The importance of effective translation for ecommerce websites
The ecommerce market is undoubtedly the biggest phenomenon to emerge from the connected age. Success of online businesses such as Amazon and Alibaba, and the sharp growth in online spend in recent years, has meant more companies than ever before are taking the process of selling their goods online.
By the end of 2015, according to a recent report published by eMarketer, annual sales for online retailers are expected to reach as much as $1.67 trillion (£1.1 trillion) worldwide. This will account for 7.3 per cent of all retail sales across the world ($22.82 trillion), which shows just how powerful ecommerce is in the modern connected world.
And it’s not just the current state of the market that is bringing more companies to the conclusion that online retail is the future. The fact that eMarketer predicts ecommerce sales will double in the next four years, accounting for 12.4 per cent of all money spent in retail by the end of 2019, indicates the future potential of having a successful online presence, and how this can help companies become truly global brands.
Regionalisation of ecommerce
In becoming global ecommerce brands, one of the primary issues companies need to broach is how they can branch out into new markets. The internet breaks down geographical barriers and borders, and allows firms to connect with customers in ways they never could before, which brings with it an all new opportunity for growth.
For example, in chasing the markets with most potential, companies need to expand their focus, moving away from the western powerhouses. While western Europe and North America are currently the biggest spending regions online by far, they are not the fastest growing markets, and it’s these regions that present companies with the highest prospects for increasing sales.
In the Asia-Pacific market, online sales for 2015 are set to top $875 billion, with the 35.2 per cent annual growth this represents being the main driver behind a global 25 per cent year-on-year increase in money spent online.

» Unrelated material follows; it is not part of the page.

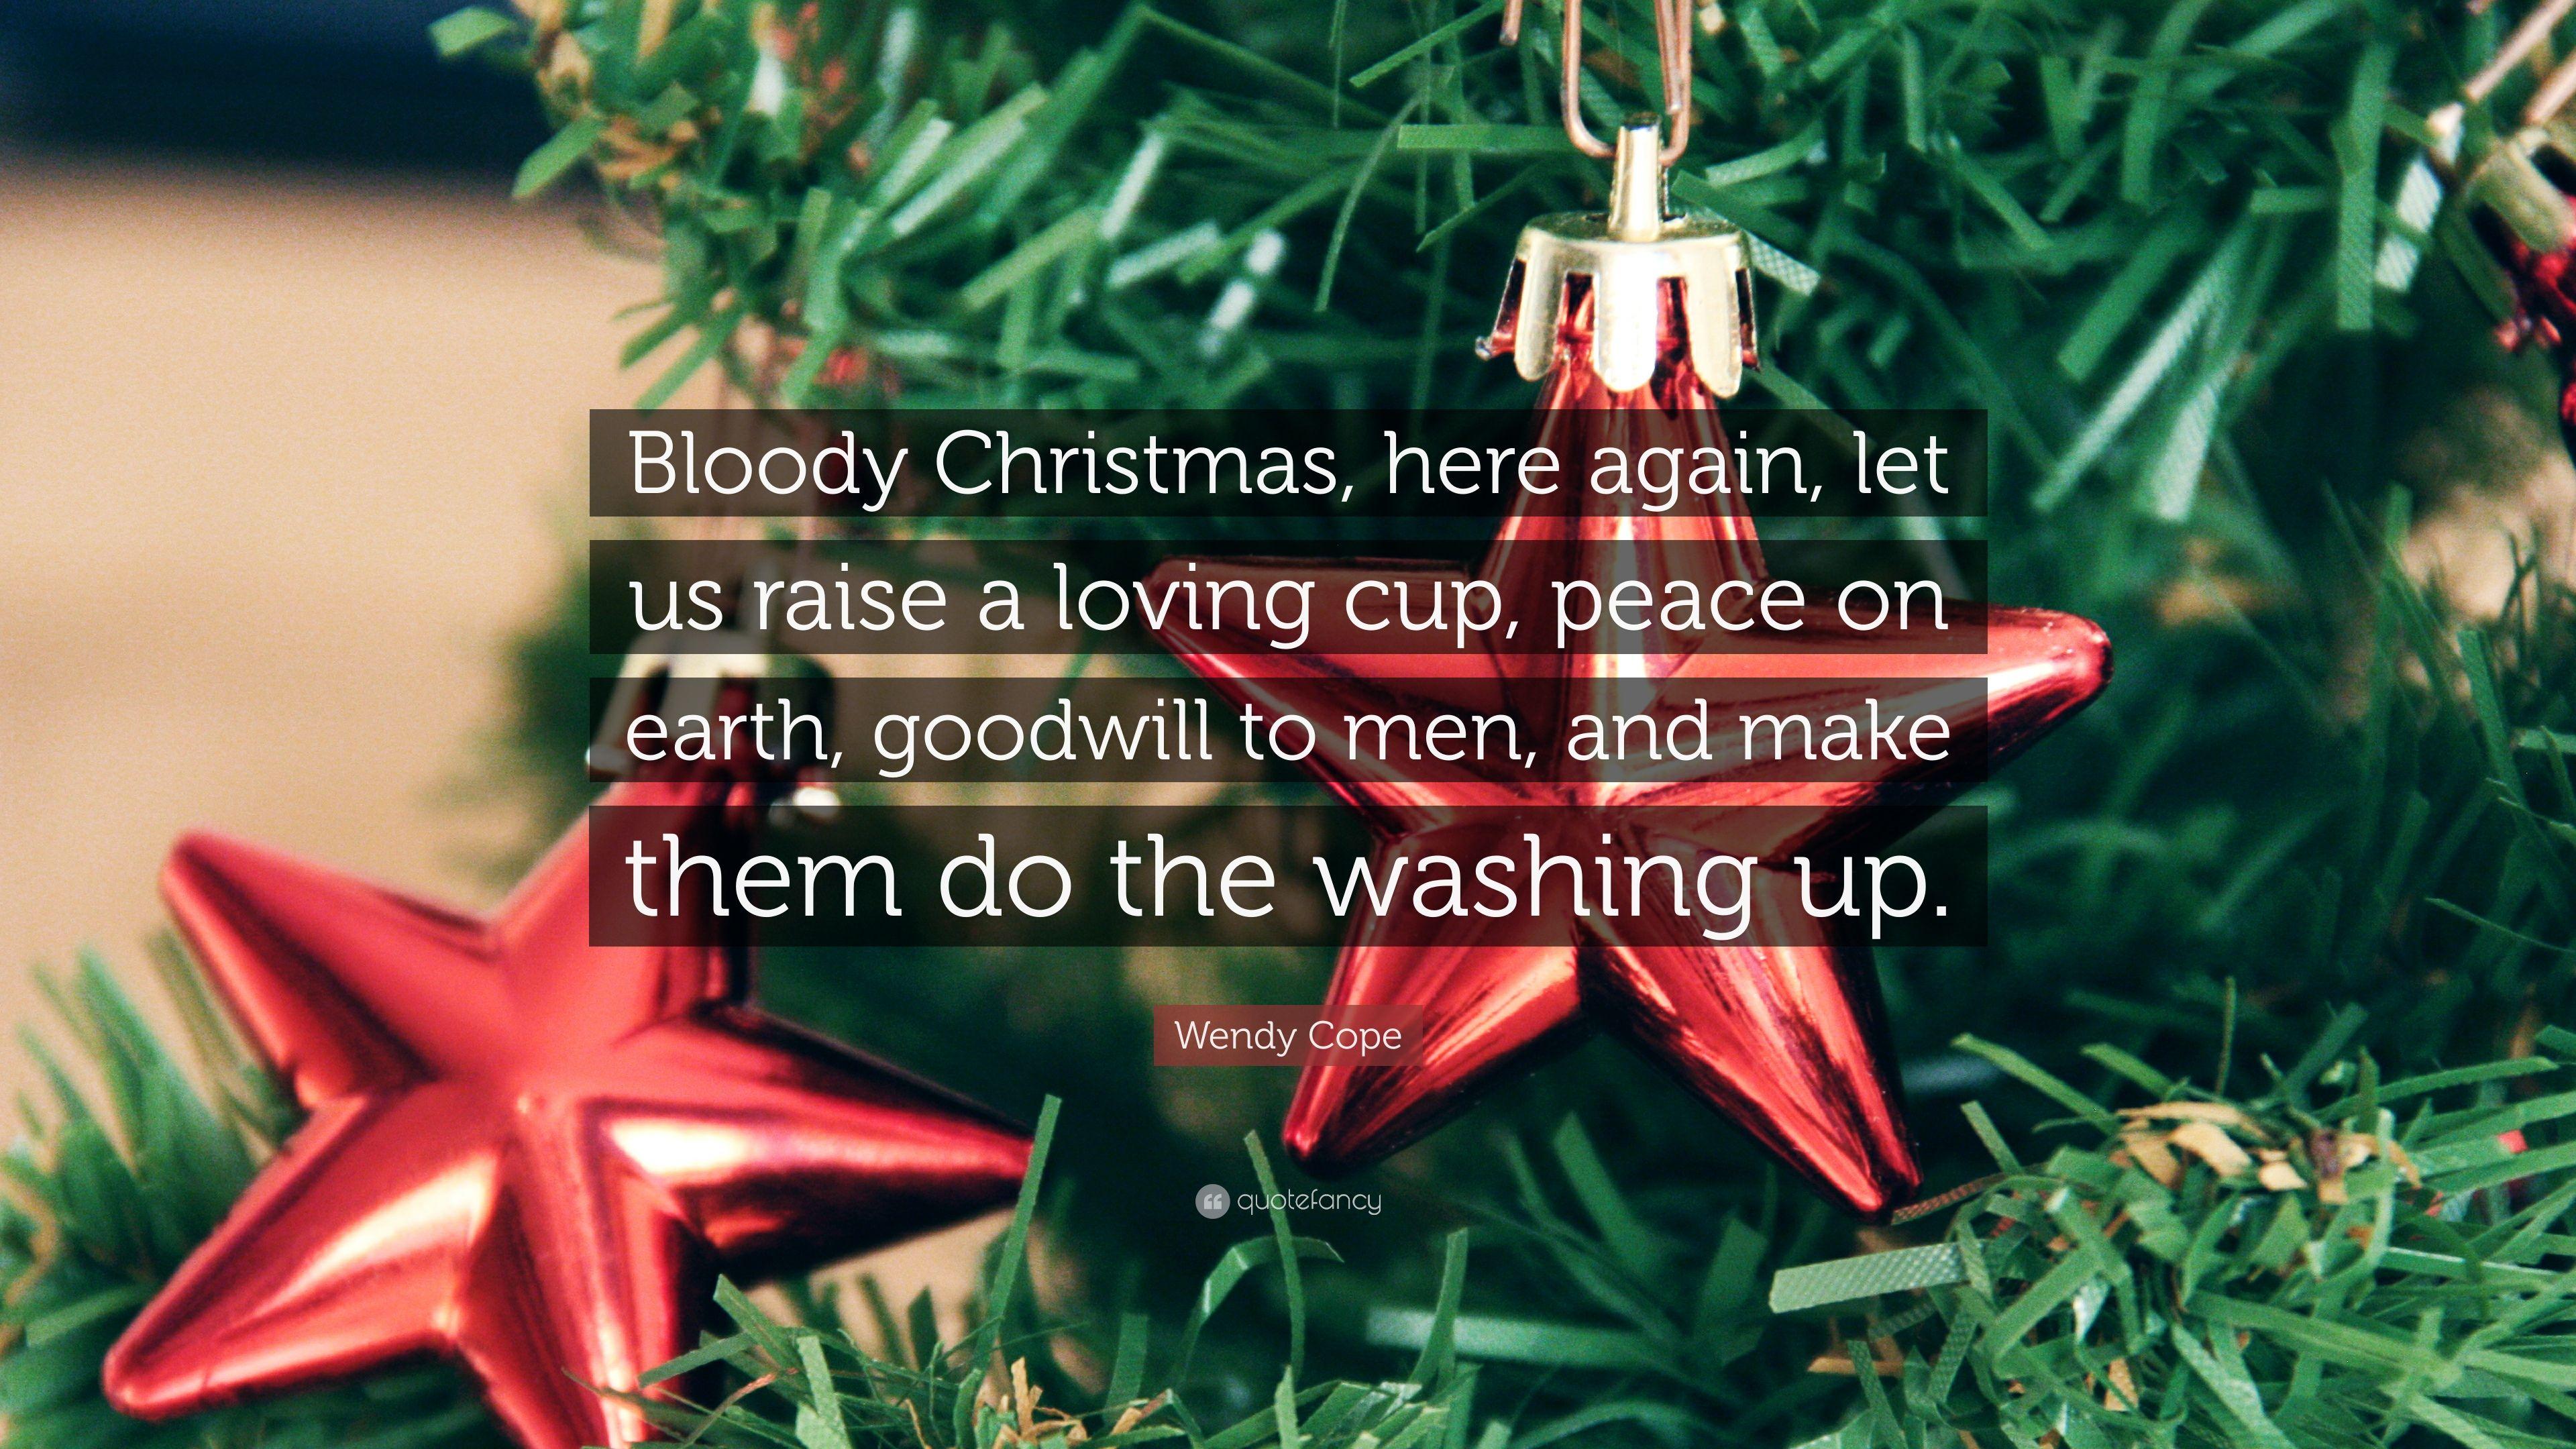 Wendy Cope Quote: “Bloody Christmas, here again, let us raise a

The region is expected to have gained a staggering 80 million new online shoppers this year when compared to 2014, highlighting just how quickly the target audience in this region expands with each passing year.

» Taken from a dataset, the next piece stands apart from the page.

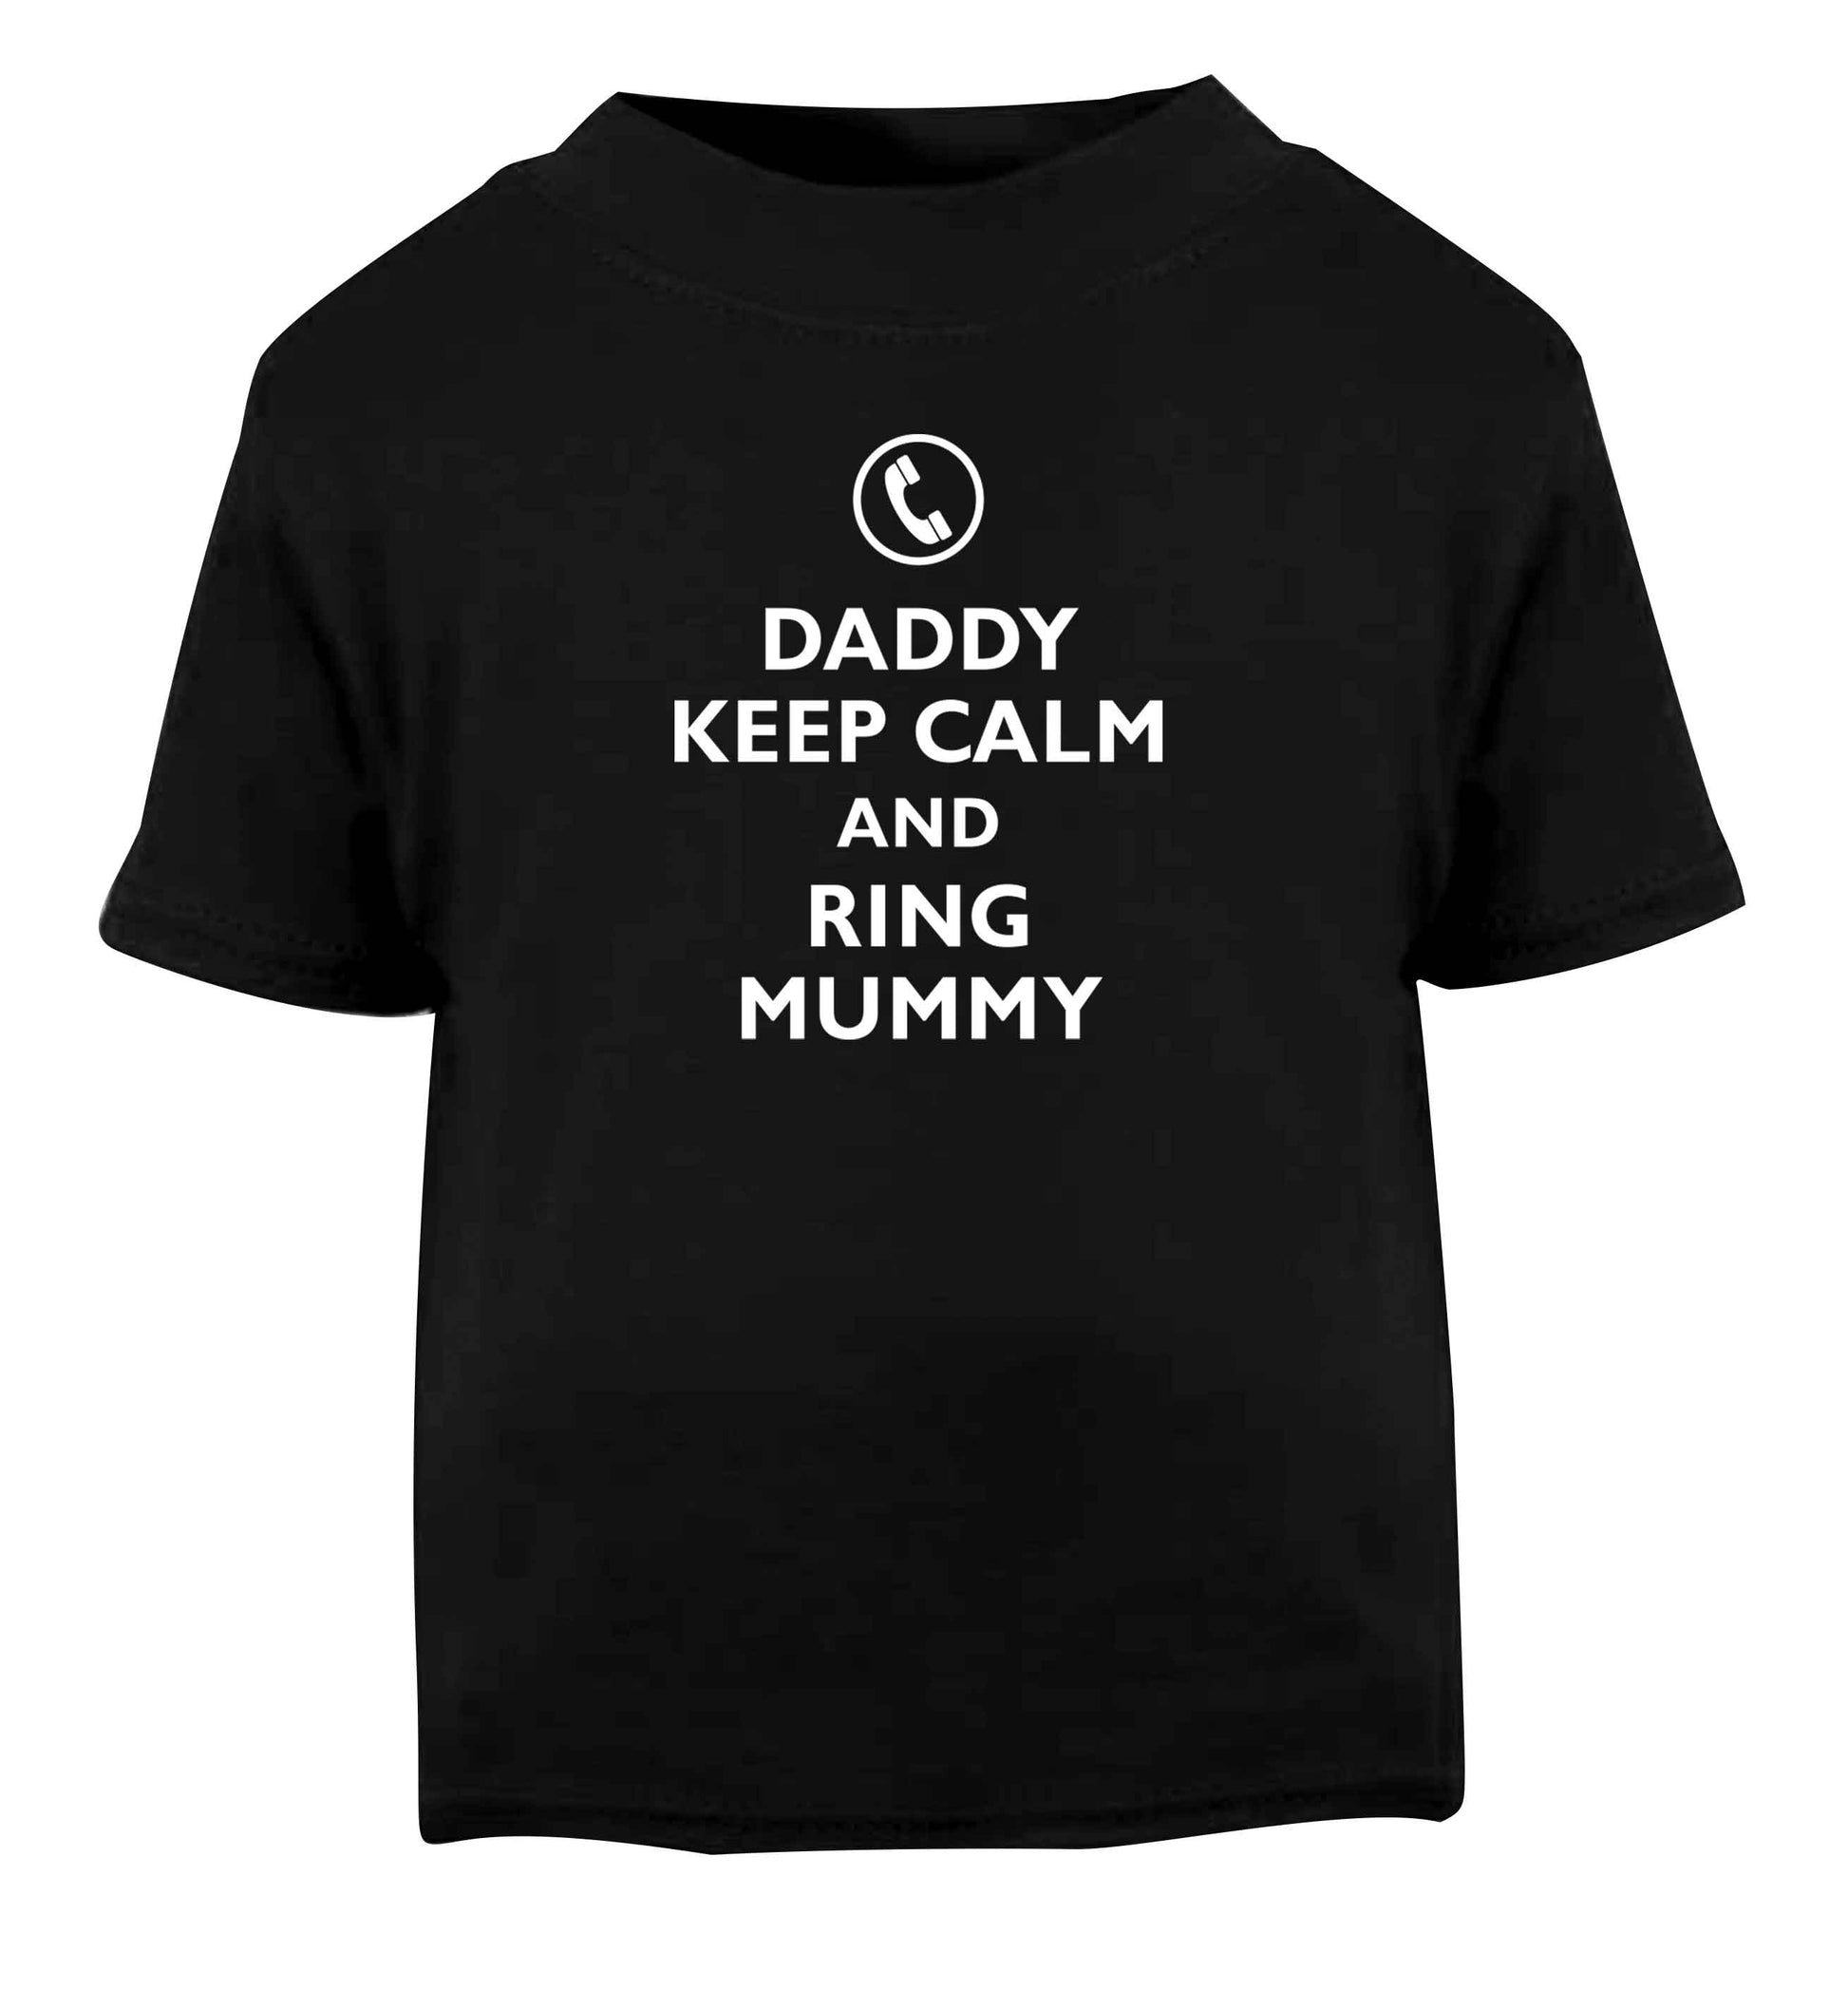 Daddy keep calm and ring mummy Black baby toddler Tshirt 2 years

eMarketer believes that the biggest potential markets for companies to exploit in a bid to go global are those where there is less availability of certain products, which drives online sales as people increasingly seek out items like mobile phones and tablet computers they can’t find in their own towns and cities.
It is this increasingly connected consumer that companies can tap into if they don’t want to miss out on a rapidly growing online audience.

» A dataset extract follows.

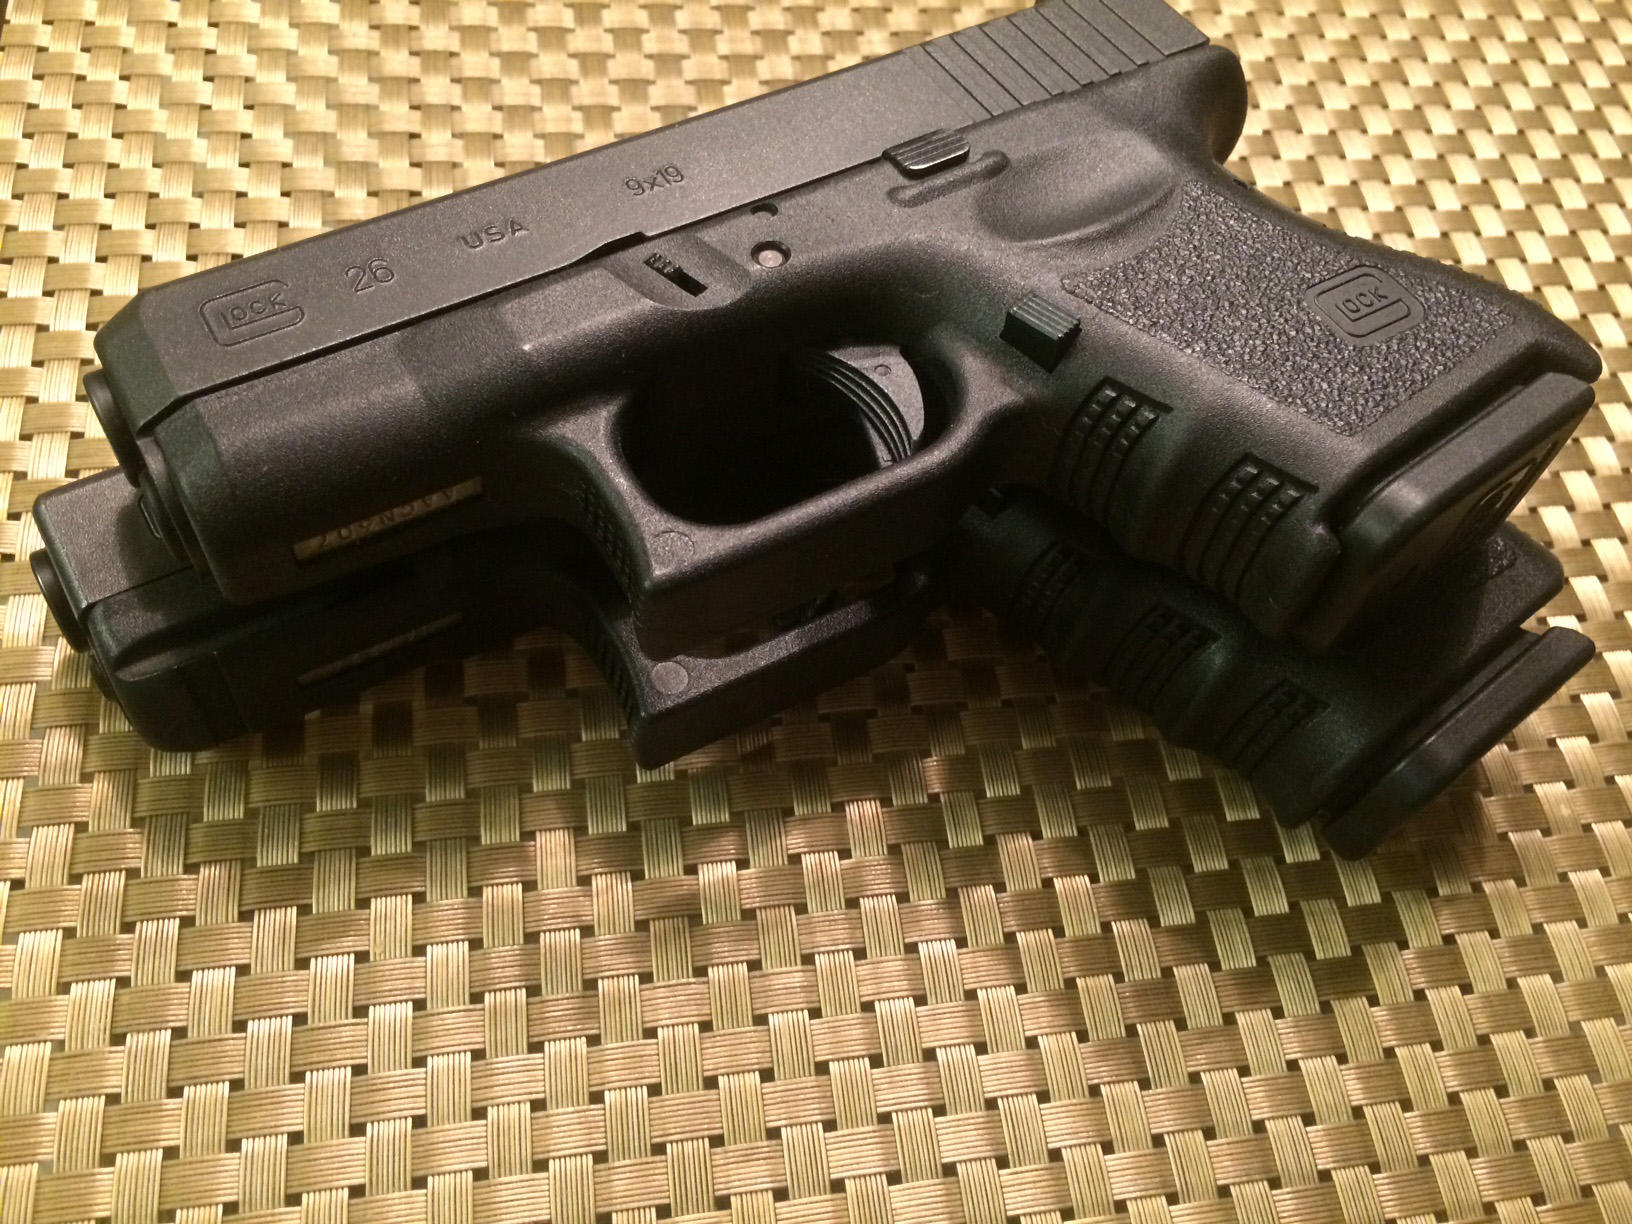 Glock Compact vs for Summer Carry Prepper.

The importance of translation in ecommerce
Of course, exploring relatively untried markets in a bid to build a global brand can present some major challenges for companies, chief among which are the language barriers that can exist. For westernised countries where English is not only the most common first language, but also the most widely spread second tongue, it’s easy to forget that not everyone can speak English.
In fact, according to data from Internet World Stats, in 2015, only 26 per cent of the world’s internet population do speak English, despite it being the most common online language. That means that for companies looking to go global, almost three-quarters of prospective customers are potentially untapped if their website is not effectively translated.
The sheer range of languages spoken online also highlights the need for companies to make sure their websites are effectively translated. According to the data, the top ten most widely spoken languages on the internet account for three-quarters of the total number of online users.
This means companies have 2.5 billion potential customers spread across ten languages, and choosing the right ones to use on site can make a big difference. It’s a huge audience to reach out to, but one that can only be effectively reached with quality online translation.
Providing a website that is properly translated and optimised for each language means welcoming customers on site and giving them a pleasant experience that encourages them to not only convert themselves, but also to return as customers in the future and even act as brand advocates.
And it’s not just the language of the main site that needs to be translated well. Ensuring that sites have well optimised and regularly updated engaging content specific to each language, that all product descriptions and prices are translated and converted correctly and even that functional buttons such as “add to basket” and “checkout” are specific to each language’s site will help to keep customers satisfied and not turn them away from the brand as a whole.
Getting these issues right can be time consuming for firms, but it’s those who do it right, as well as giving customers an extensive and well researched range of languages to choose from, that give themselves the longest potential reach and the highest prospects for growing their brands on a truly global scale.
Ecommerce represents one of the biggest global opportunities for companies to grow themselves into successful brands in relatively short amounts of time, but success relies on knowing the market as a whole and adapting to attract the widest volume of new business possible.
There’s no better way to do this than to tap into the rapidly growing customer bases that exist across the world, and those companies that take the time and effort to effectively localise and expertly translate their ecommerce websites to cater to a range of markets worldwide will be the ones that give themselves the greatest chance of uncovering the secret to success.